If you’ve been reading this blog for a while, you know about the powers of your magic bag. You can make a mini version that is appropriate for your travels and carry it with you or keep it in the trunk of your car.
These are 3 of my go-to fun and educational toys to have in your magic bag at all times!
- Baby Einstein musical toy
- Light-up, sensory balls
- Mini iPad (you know I love old-fashioned, wooden, interactive toys but the iPad is an awesome tool for traveling with your child)
Each tool in your magic bag will make travel with your autistic child a million times easier.
5. Ask for help.
I cannot stress this enough! ASK FOR HELP! You don’t need to be supermom and you shouldn’t be doing everything yourself. ASk your husband/partner/sister/friend/babysitter to help you as you are traveling with your child. Don’t hesitate to ask the chosen person to stay with your child for an hour while you go get a quiet coffee on your own/massage/go for a walk (insert your preferred travel activity here).
6. Leave extra time to travel.
Make sure you leave your family enough time to get from point A to point B comfortably.
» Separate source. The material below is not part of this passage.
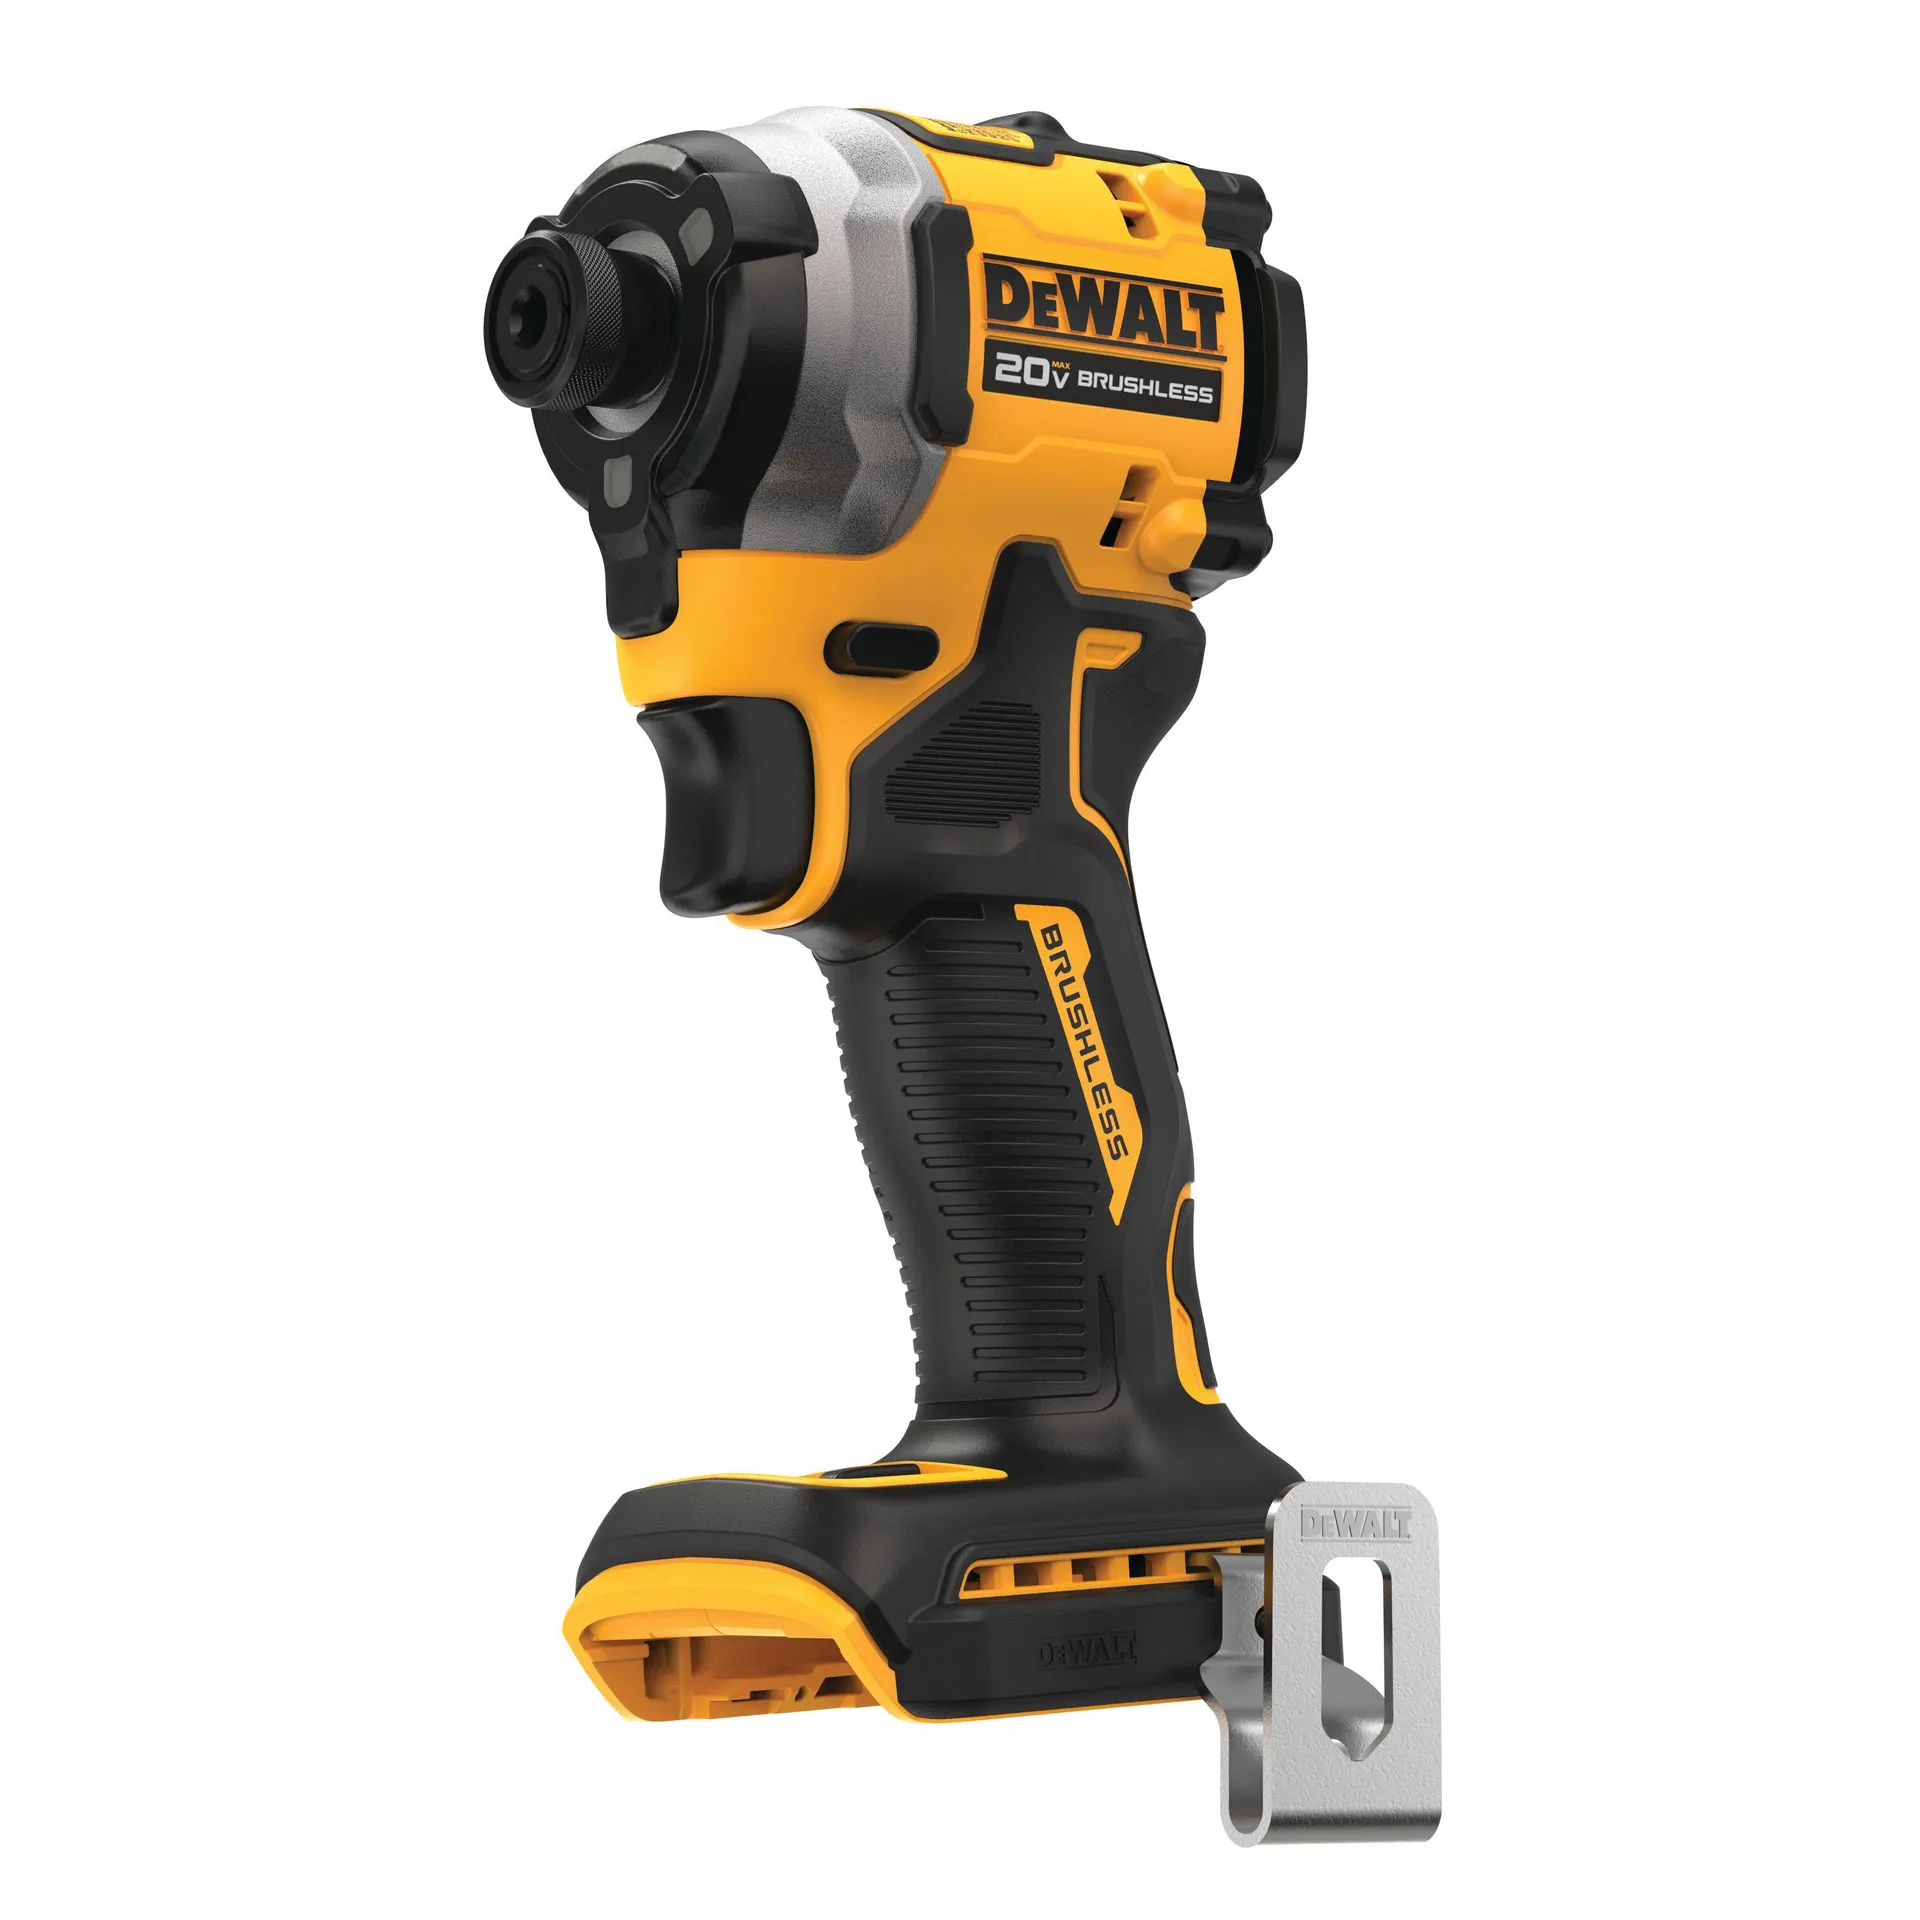 Atomic DCF850B Impact Driver, Tool Only, 20 V, 1/4 in Drive, Hex Drive, 3800 ipm, 3250 rpm Speed

Rushing creates stress for everyone. This means limiting connecting flights with very little wait time between them, leaving an extra half hour or hour whenever possible when you need to be somewhere and not putting pressure ony our family to arrive places quickly. Although, taking time will obviously make your travel adventures take more time but I recommend you embrace this! This is your family life. Treasure every moment rather than letting joy slip away as you rush between places and activities.
7. Travel more.
Some families avoid traveling with their autistic child and then dread the trips they must make together when an extreme situation comes up. The worst times to prepare your autistic child to travel is when a family member across the country is sick and you must fly to be with them or your spouse’s job requires your whole family to relocate to another state. Take short, frequent trips. Spend one night away 30 minutes from your home. Take a one hour flight to explore a new place as a family. Your child can learn to love exploring and travel just like any other child. The more you travel, the more your child will be used to traveling and the more your family will enjoy your travel adventures! Traveling is also one of the absolute best learning experiences for your little one!
8. Keep a journal.
I have also personally loved journaling and I love journaling with special needs kids too. Before you leave for your family travels, take your child to buy a travel journal. During your trip, be intentional in collecting fun souvenirs to include in your travel journal. Prompt your child to write in the journal if possible or tell you what he or she most enjoyed during the day so that you can jot it down in the journal.